Jiang Ping (; born 1930) is a Chinese legal scholar.  He was the President of China University of Political Science and Law, and a member of the Standing Committee of the National People's Congress.

Biography
Jiang Ping was born in Ningbo, Zhejiang Province, on December 12, 1930.  He was admitted to Yenching University in 1948 and in 1951, he went to Soviet Union to study law science and graduated from Moscow State University in 1956.  After graduation, Jiang Ping joined the faculty of Beijing College of Political Science and Law.

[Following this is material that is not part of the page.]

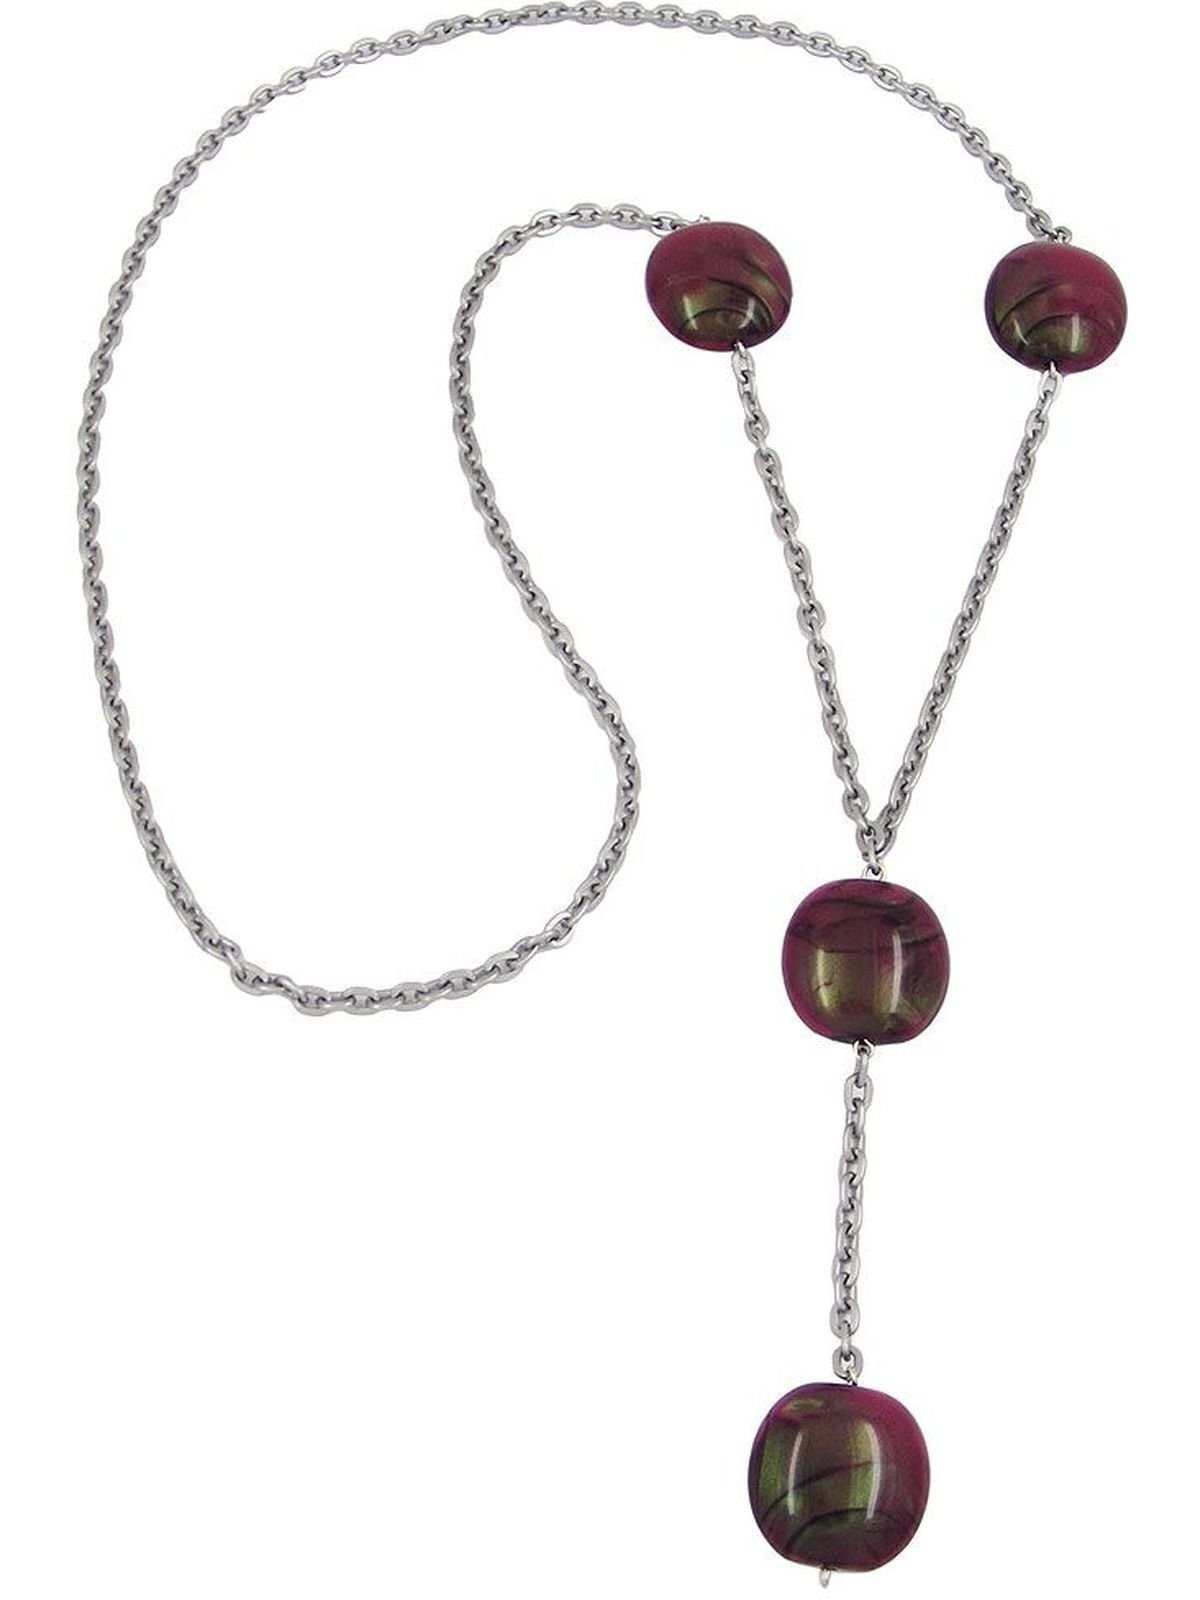 Gallay Perlenkette Kunststoffperlen Eloxal pflaume-seide-matt Nugget 100cm grau Ankerkette

Jiang became the President of China University of Political Science and Law in 1988. He resigned from the office in 1990 for his pro-student position in the 1989 Tiananmen Square protests and massacre. Now Jiang Ping is the Lifetime Professor of China University Of Political Science And Law, and now his professional affiliations includes the head of Beijing Arbitration Commission, the adviser, the arbitrator, the member of committee of experts of China International Economic and Trade Arbitration Commission. He has been to Belgium, Ghent University, the University of Hong Kong, University of Rome II in Italy, Japan's Aoyama Gakuin University, and Columbia University of the United States to give lectures. He was awarded as an honorary Doctor of Laws the University of Ghent, Belgium, Catholic University of Peru and served as Honorary Professor of Law. He also was awarded the outstanding middle-aged and young experts, the honorary title of outstanding teachers nationwide.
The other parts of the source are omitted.